Counting the number of matching characters in two ASCII strings

ComputerGuru · on May 21, 2021

I love Daniel’s optimization posts, but this one seems a little too esoteric: it’s for when autovectorization isn’t fast enough (edit: or isn’t available) but you can’t or don’t want to use SIMD; it gives you a solution solidly better than the former but worse than the latter, and more opaque than either.

In all cases, obviously the real magic is in the 64-bit word comparison routine (which doesn’t get more than a passing mention); converting the former problem into the latter is extremely straightforward and obvious - if you know that optimized solutions for the latter exist (I personally didn’t know of this bit twiddling hack (aside from doing it via SIMD, obviously) and am grateful to learn about the approach in Muła’s code).

tyingq · on May 21, 2021

Are there many cases where plain ASCII is okay anymore, anyway? Wouldn't proper UTF-whatever comparisons mandate doing it the slow way, if you wanted counts versus just "same/not the same"?

nonameiguess · on May 21, 2021

The actual killer application of character count matching is bioinformatics.
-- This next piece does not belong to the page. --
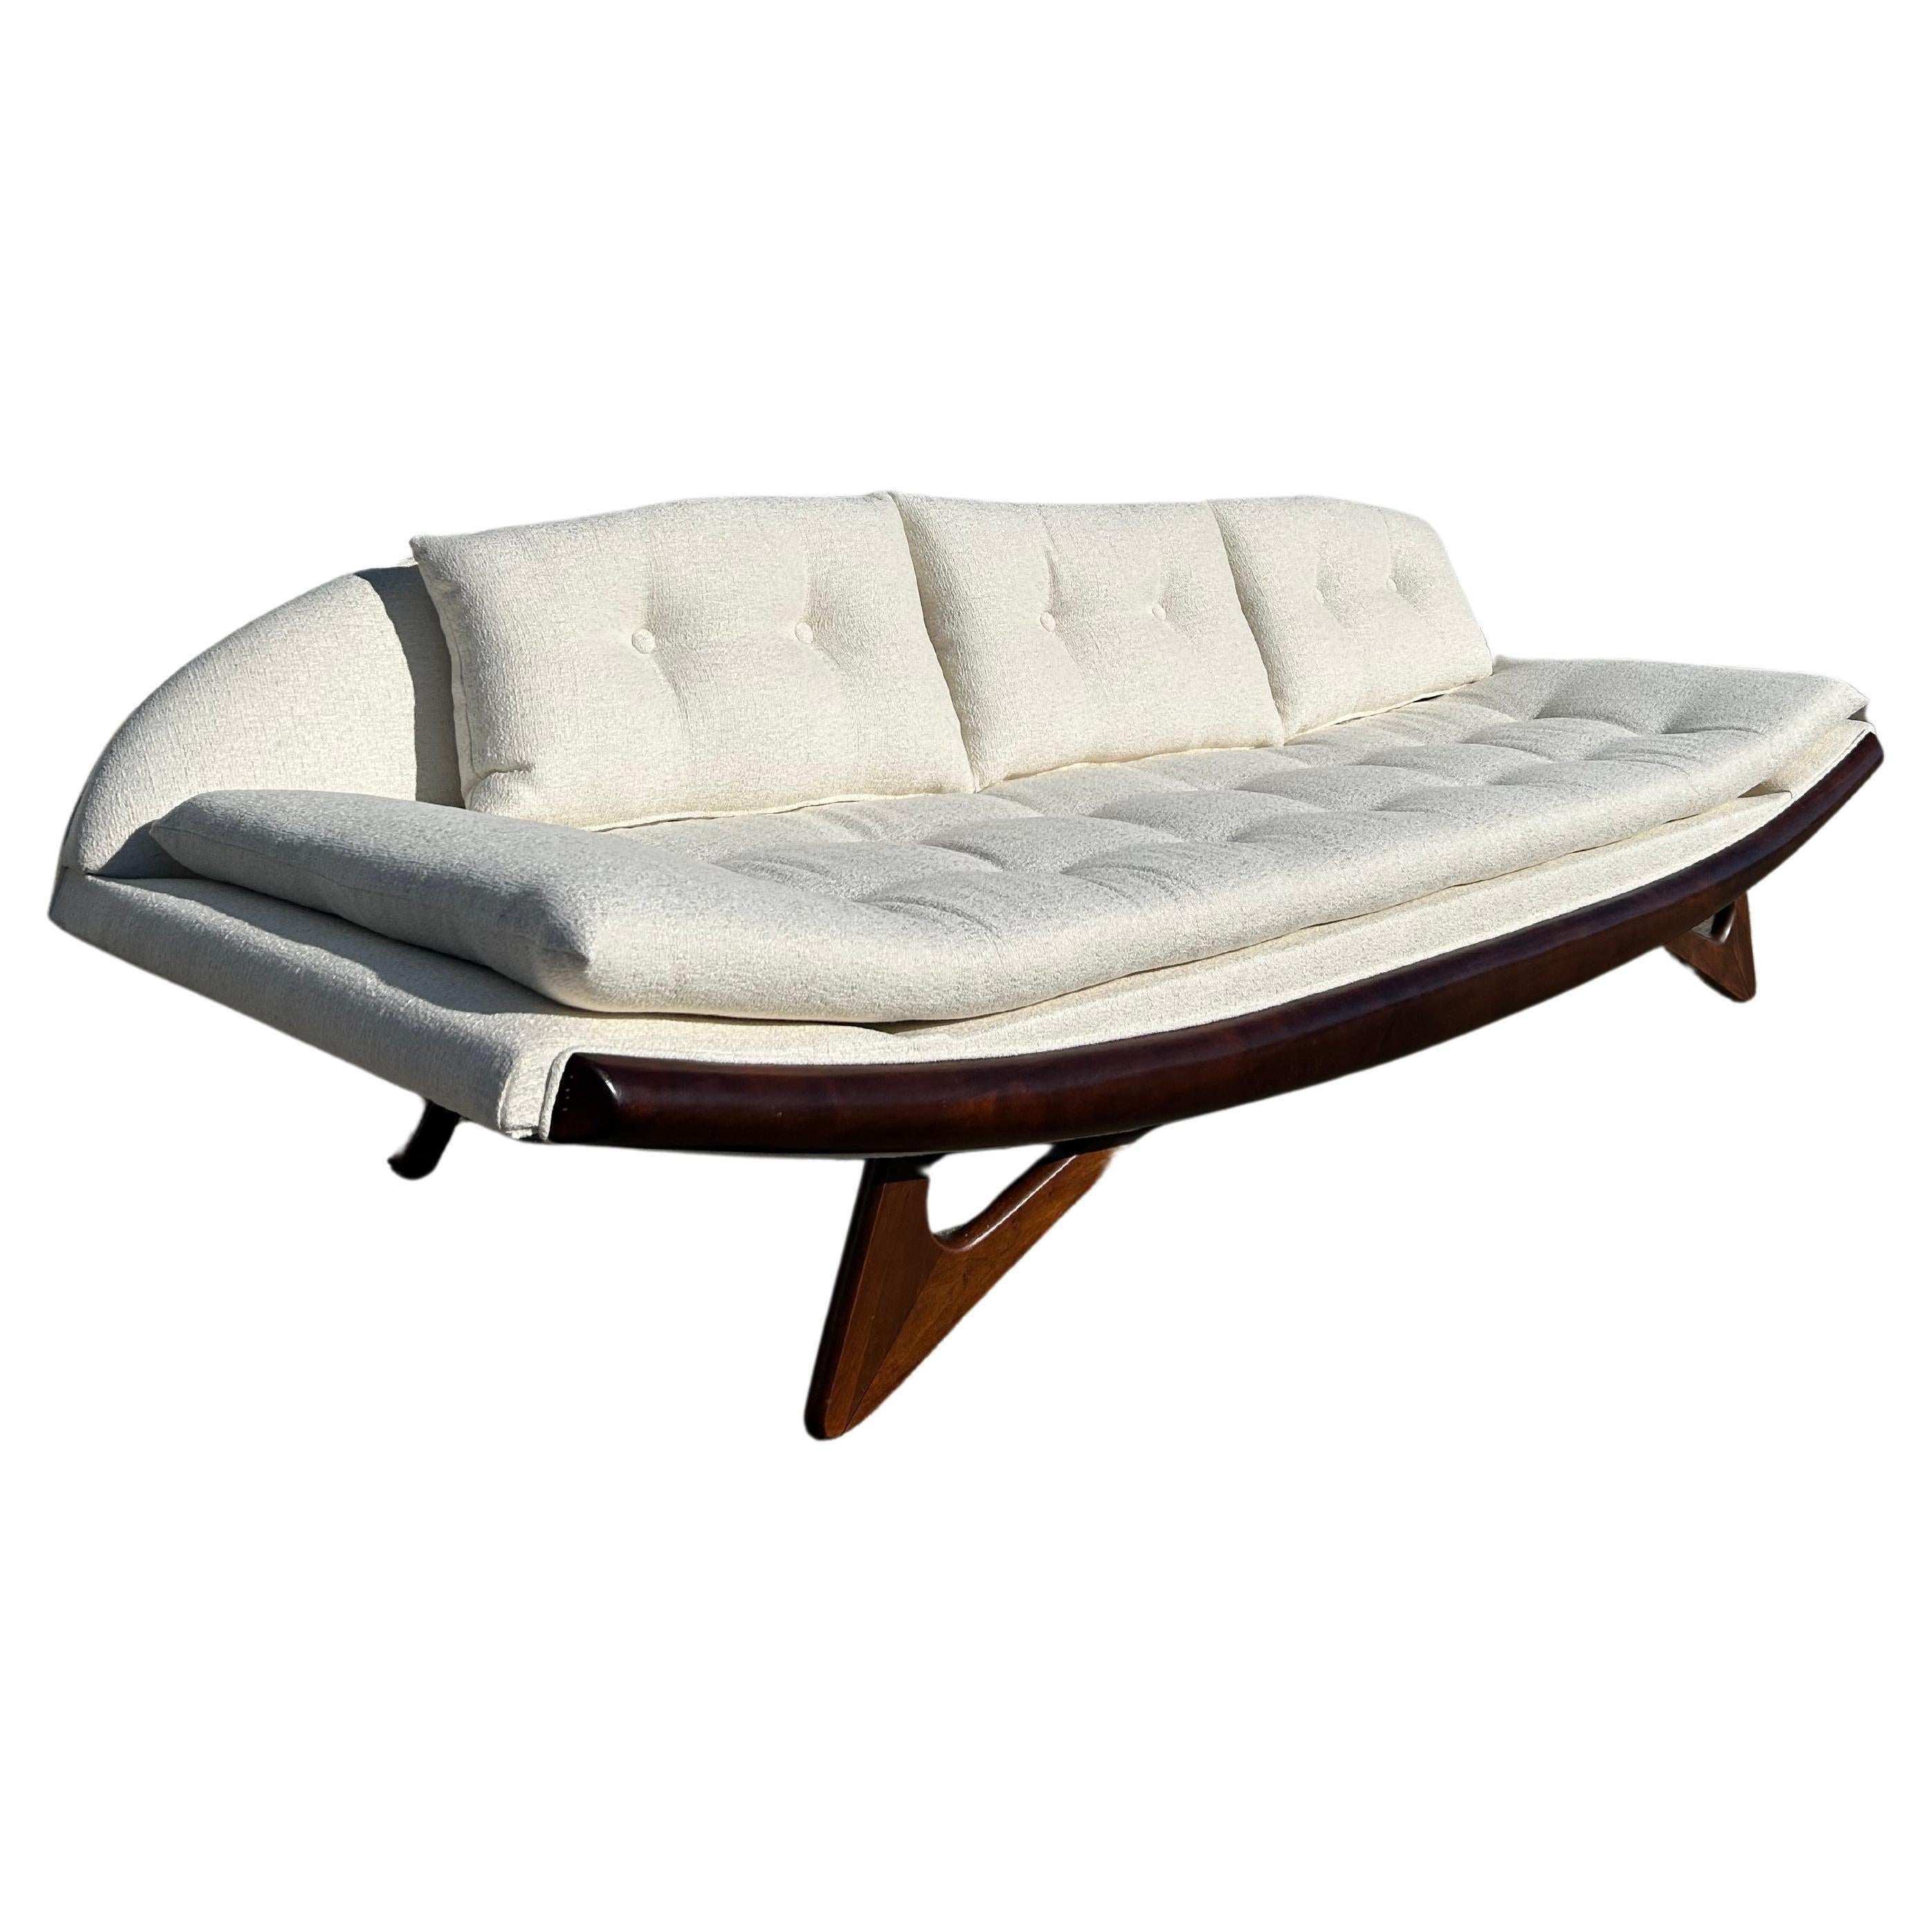 The epitome of mid-century modern design is the Armless Gondola designed by Adrian Pearsall for Craft Associates in the 1960s.  This specific unit has been expertly restored by Copley Upholstery Inc. in Medina, Ohio.

The fabric selected is a

You only need four distinct characters to encode DNA, which of course, means in reality you only need two bits, but I don't know if anyone has bothered to develop a two-bit character encoding system and instructions that can operate on them. They have come up with extremely optimized implementations that compare byte streams, though, utilizing ASCII GCTA.

jakobnissen · on May 21, 2021

Bioinformatician here. Yes, people have come up with many encoding systems: 2-bit encoding systems, 3-bit encoding systems (for N's), various encoding schemes that allows long runs of N's to be stored with little memory costs, and even reduced amino acid alphabets for e.g. 4-bit amino acid sequences.

In my experience, the performance bottlenecks in bioinformatics is usually IO, parsing, de/compression and needlessly slow algorithms. You rarely get meaningful speed improvements by internally encoding the sequences one way or another (storing small fixed-size sequences in machine integers is an exception). There can be other advantages, though, like reduced memory consumption.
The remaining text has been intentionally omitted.